* [Prompt]
Where an entry below contains an image, skip the image and reproduce the rest exactly.

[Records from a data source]
***

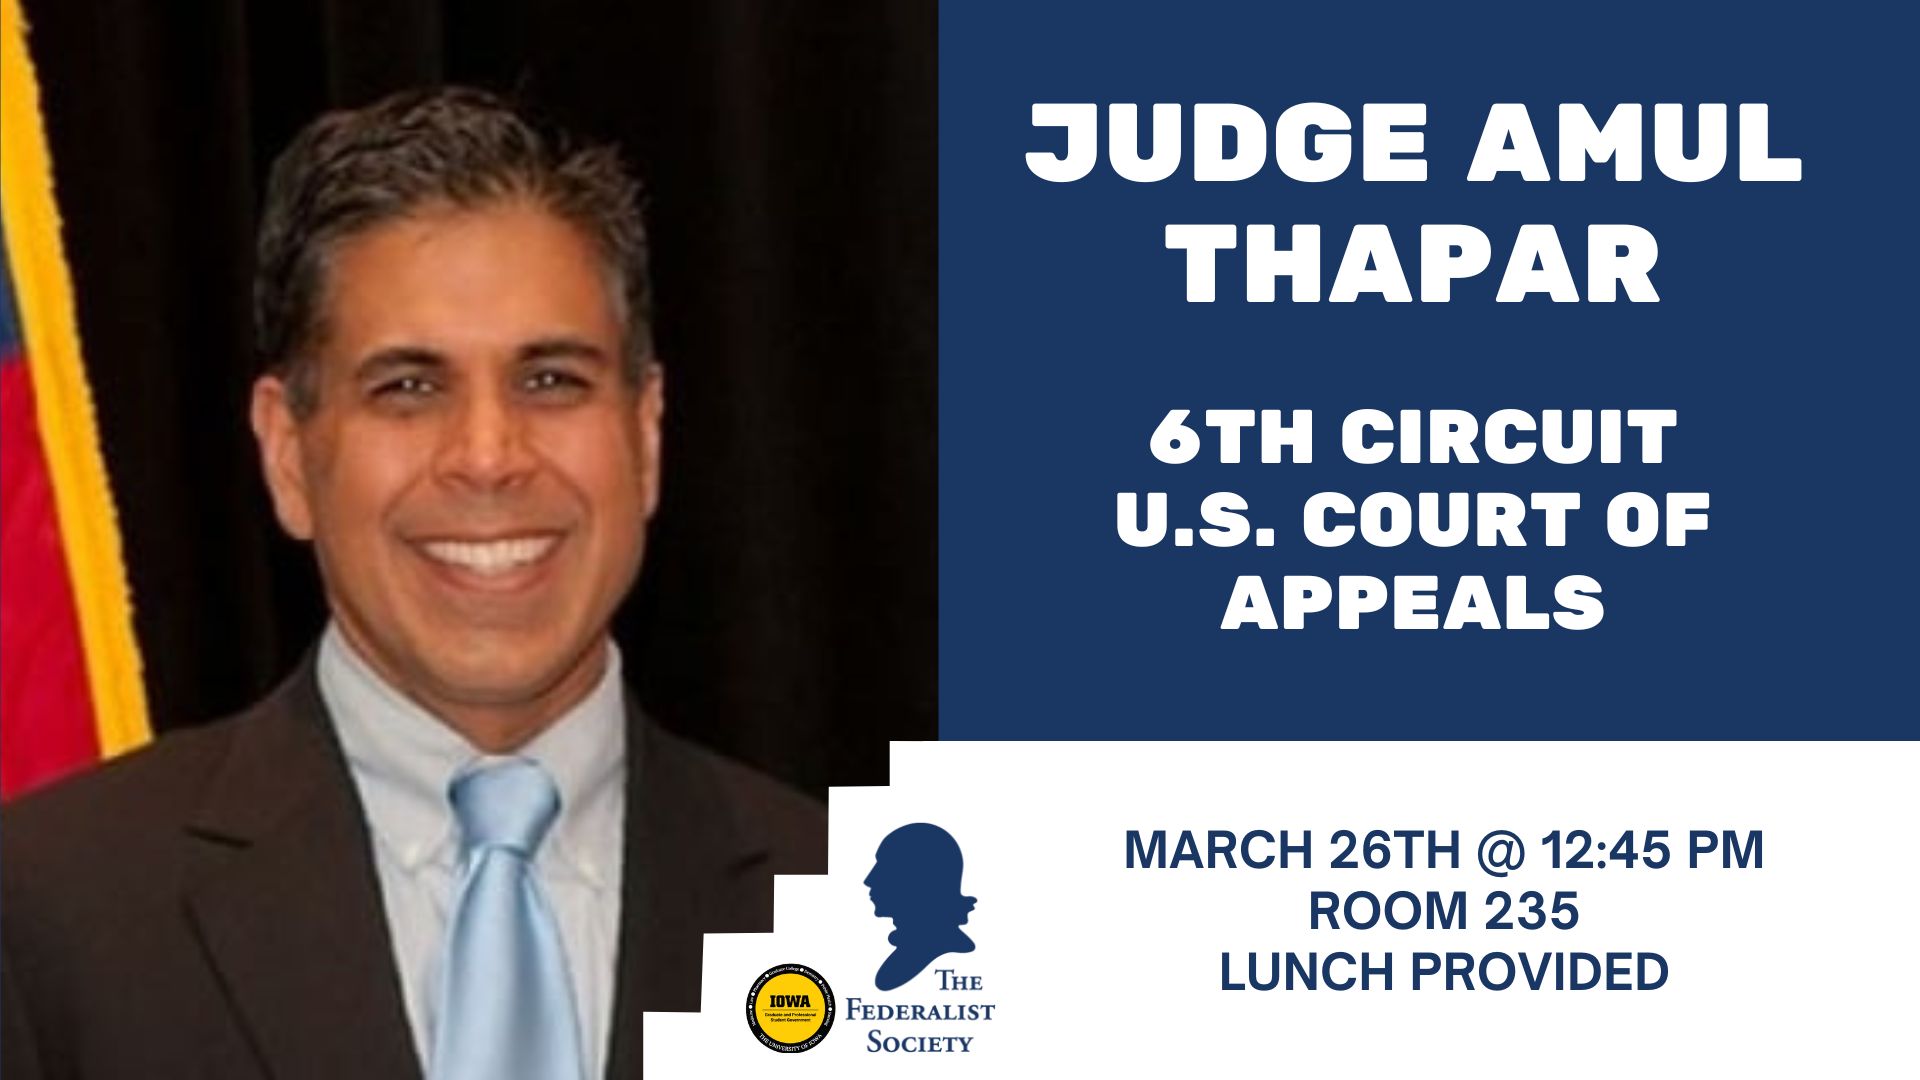 Federalist Society hosts 6th Circuit US Court of Appeals Judge Amul Thapar on March 26th at 12:45 pm in room 235. Lunch will be provided.
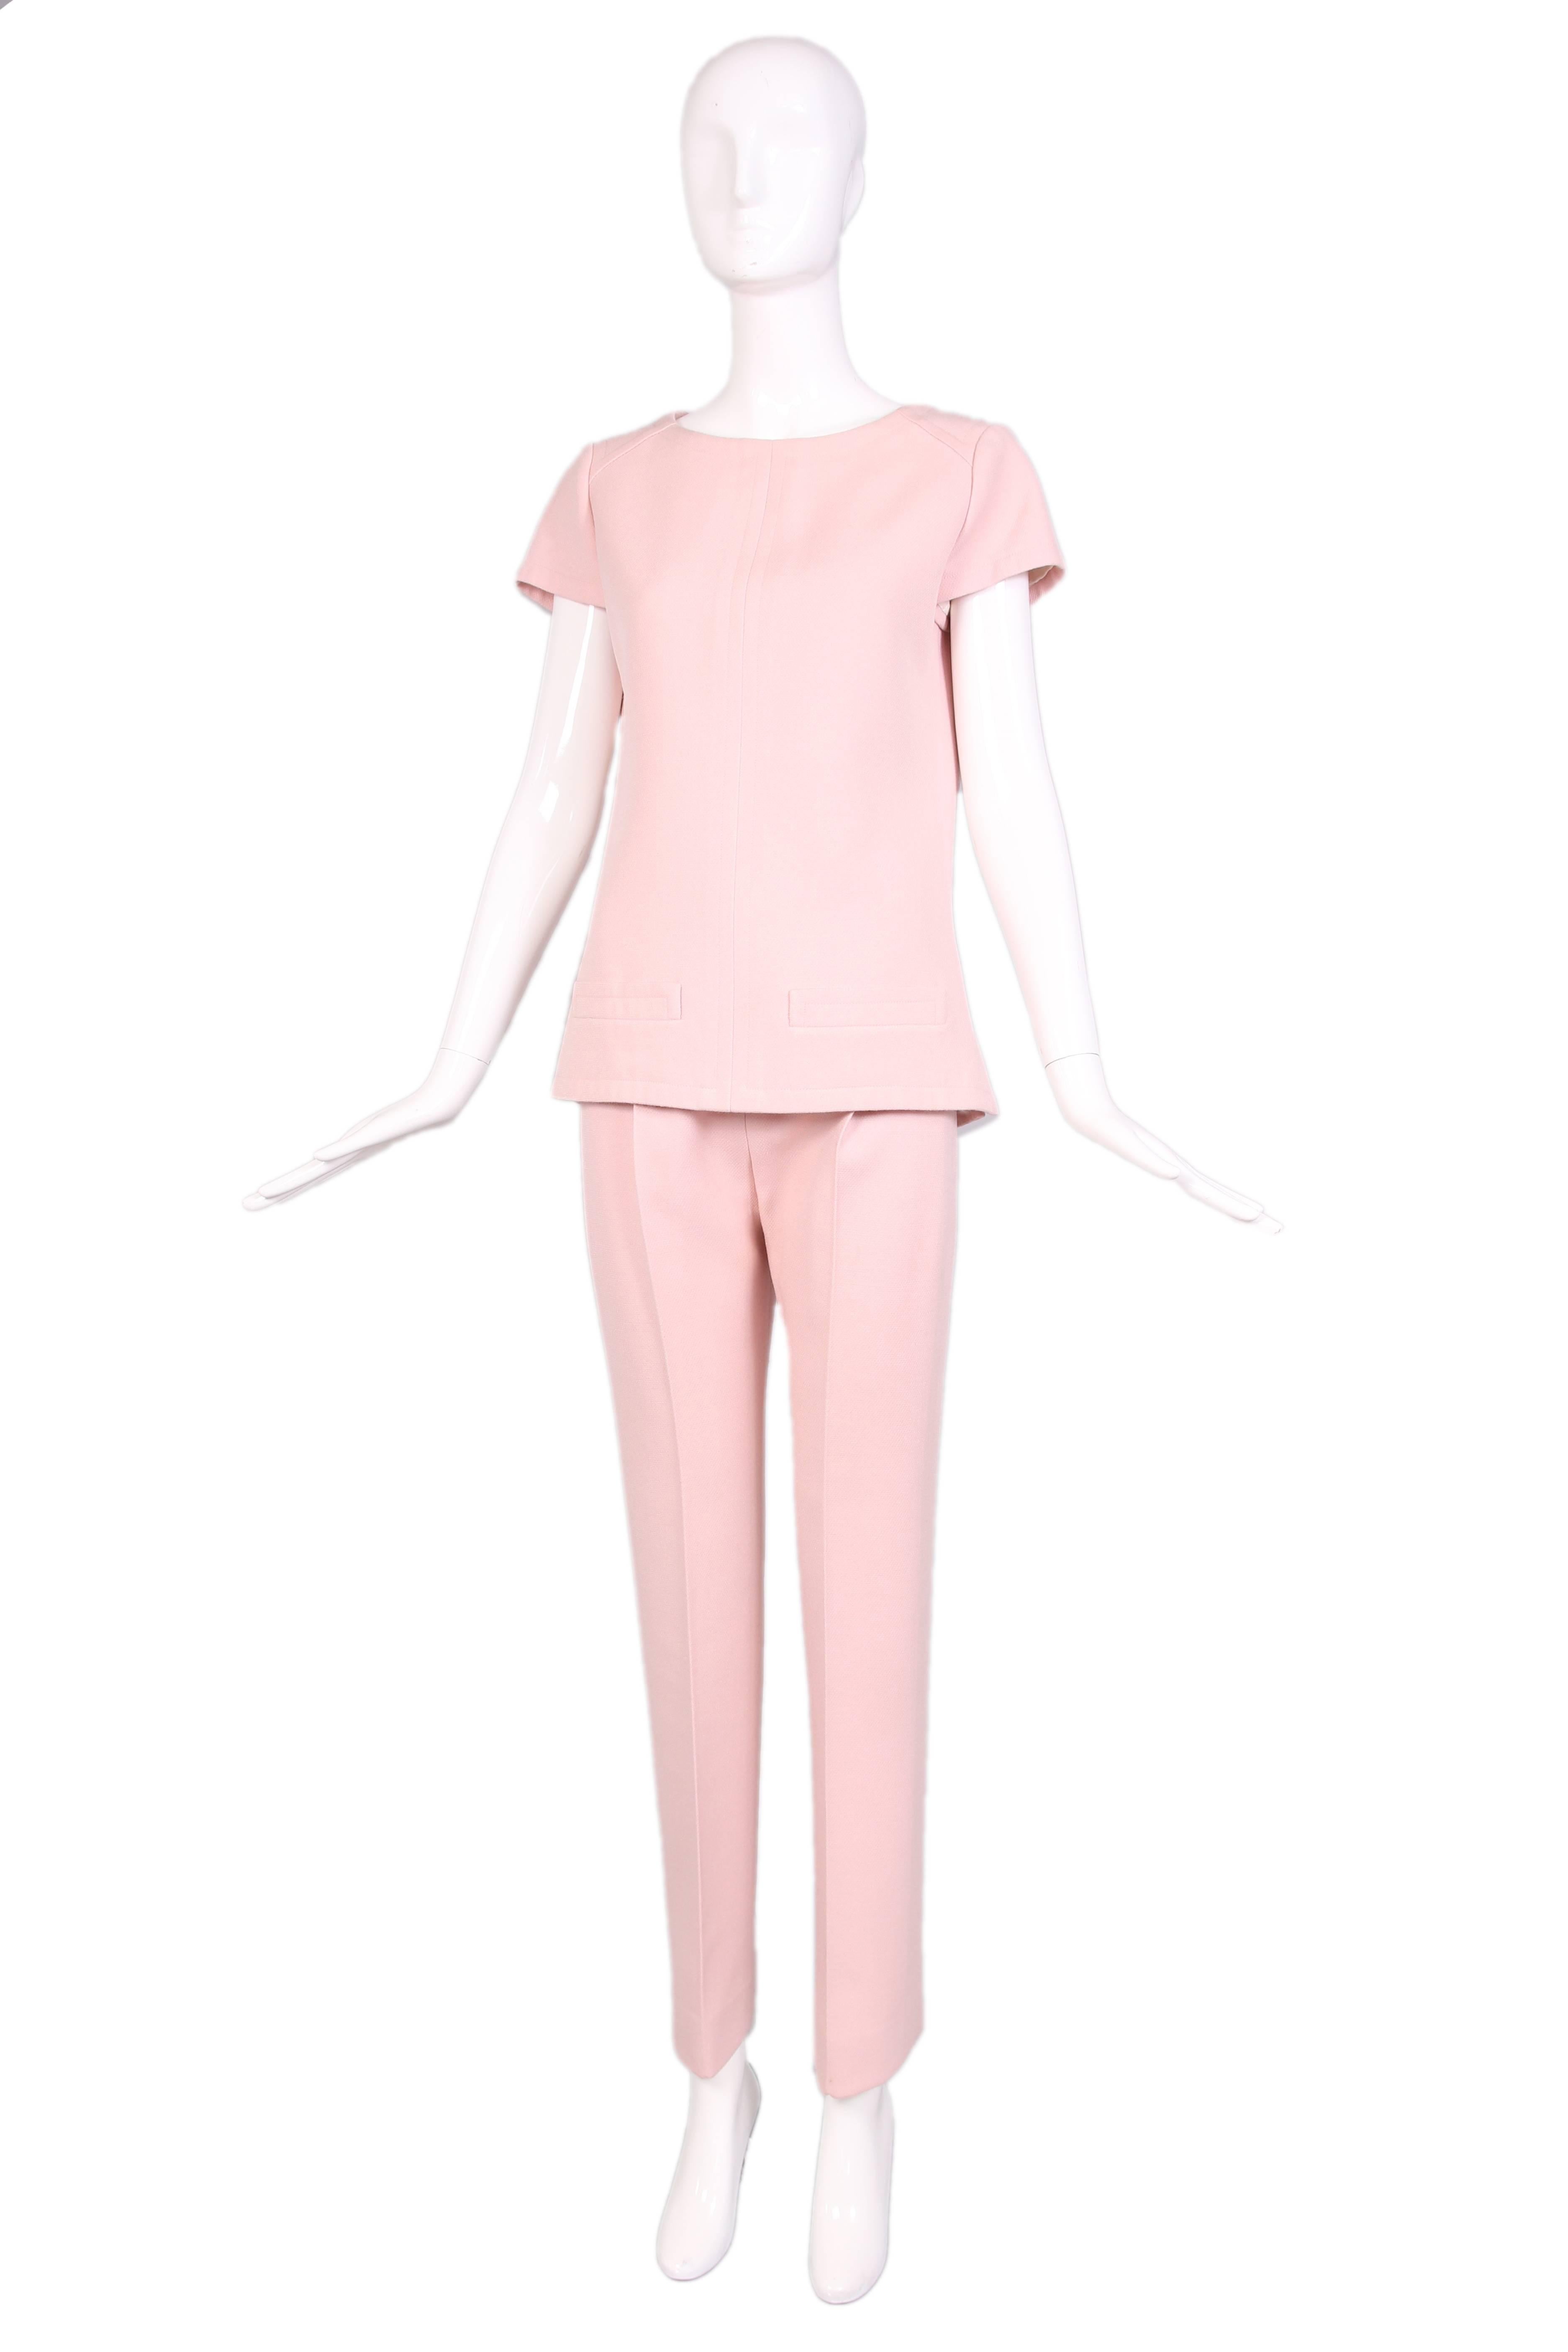 1960's Courreges for Harrods baby pink cap sleeve tunic top with two front pockets and matching trousers. 100% silk lining in both pieces. In excellent condition. No size tag, consult measurements.
MEASUREMENTS:
Top:
Bust - 38

***

* [Answer below]
 Federalist Society hosts 6th Circuit US Court of Appeals Judge Amul Thapar on March 26th at 12:45 pm in room 235. Lunch will be provided.
 1960's Courreges for Harrods baby pink cap sleeve tunic top with two front pockets and matching trousers. 100% silk lining in both pieces. In excellent condition. No size tag, consult measurements.
MEASUREMENTS:
Top:
Bust - 38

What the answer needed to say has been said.